Experimental program
Comparison scheme
Effect test

Embodiment 1

[0042] A fluorescent probe for detecting β-galactosidase, the preparation method of which comprises the following steps:

[0043] 1) Synthesis of compound a: Weigh 1g of 2,4-dihydroxybenzaldehyde (7.2mmol), place 1.57g of sodium propionate (16.3mmol) in a 25mL round-bottomed flask, measure 3.16mL of propionic anhydride ( 24.5mmol), 1.15mL of dry triethylamine (8.3mmol) were added to the above system, heated to 170°C and refluxed for 2h, the reaction was complete as monitored by TLC, after the reaction was completed, cooled to room temperature, stirred with water, at this time there were a large amount of white solid separated out, then extracted with ethyl acetate, washed the organic phase three times with water, anhydrous MgSO 4Drying, spin-drying, and then by column chromatography (ethyl acrylate:petroleum ether=1:6, v / v) to obtain a light yellow solid, then recrystallized with ethyl acrylate, after vacuum drying to obtain 1.1g of product a, the yield About 65%. product a ...

Embodiment 2

[0055] Measure the effect of the fluorescent probe obtained in Example 1 and β-galactosidase reaction:

[0056] Add 3mL of fluorescent probe molecules prepared in Example 1 (10 μM, dissolved in PBS buffer solution with a pH value of 7.4 at 37°C) to the cuvette as a control group, test its ultraviolet absorption spectrum and fluorescence spectrum, and then In another cuvette, add 3 mL of fluorescent probe molecules prepared in Example 1 (10 μM, dissolved in PBS buffer solution with a pH value of 7.4) and a mixture of β-galactosidase (0.10 U / mL) as The experimental group tested its ultraviolet absorption spectrum and fluorescence emission spectrum. Such as Figure 7 Shown is the high performance liquid chromatography and mass spectrometry of the fluorescent probe detecting β-galactosidase.
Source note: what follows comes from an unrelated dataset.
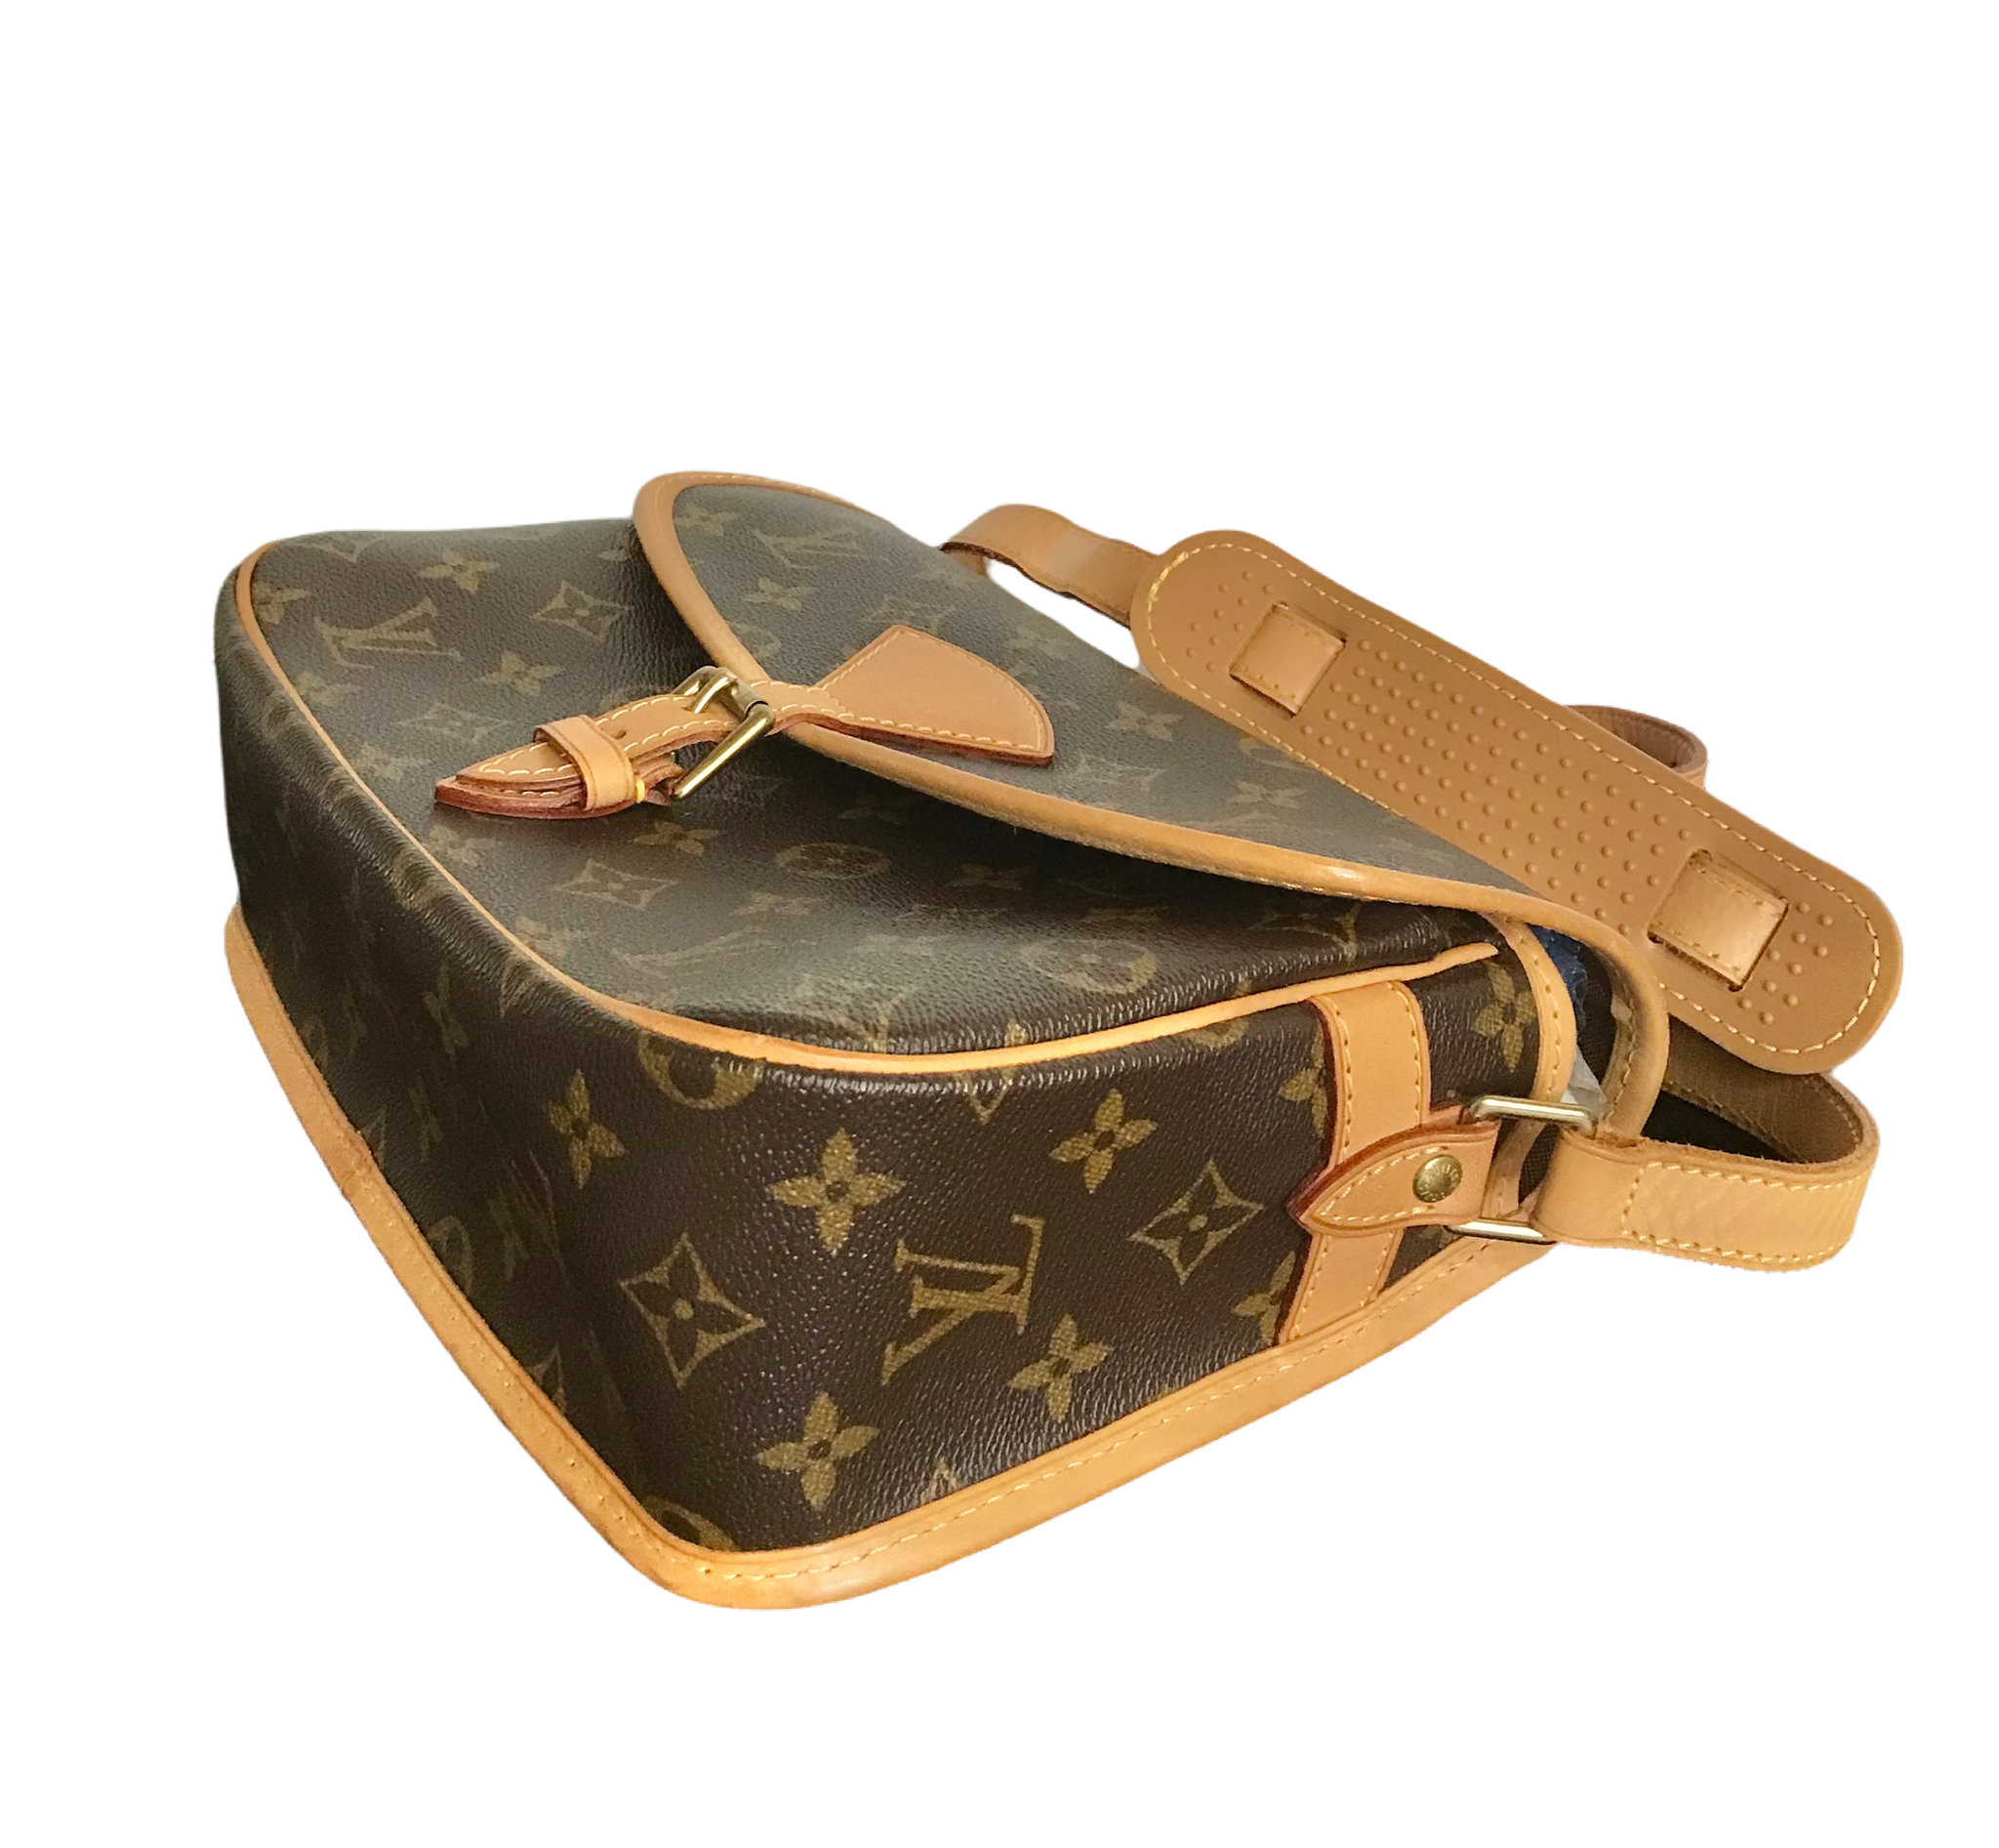 Louis Vuitton Sologne Crossbody JUST IN! Call/text us at

It can be seen from the figure that β-galactosidase breaks the D-galactosidic bond and releases the fluorescent group, which illustrates the reaction mechanism of the probe Consistent with a...

Embodiment 3

[0058] Measure the change of the concentration of the fluorescent probe obtained in Example 1 and the β-galactosidase reaction intensity of different concentrations:

[0059] Add 3 mL of fluorescent probe molecules (10 μM, dissolved in PBS buffer solution with a pH value of 7.4 at 37° C.) and different concentrations of β-galactosidase (0 , 0.01, 0.03, 0.05, 0.07, 0.1, 0.15U / mL) mixed solution, after reacting for 15 minutes, test the fluorescence spectrum of each mixed solution. As the concentration of β-galactosidase increases (0-0.10U / mL), the fluorescence intensity increases gradually, and a red shift occurs at the same time. However, when a larger amount of β-galactosidase (0.15U / mL) was added, the fluorescence intensity no longer increased, which indicated that 0.10U / mL β-galactosidase could catalyze the hydrolysis of 10 μM fluorescent probe, different The titration test chart of the concentration of β-galactosidase to the fluorescent probe is as follows Figure 11 show...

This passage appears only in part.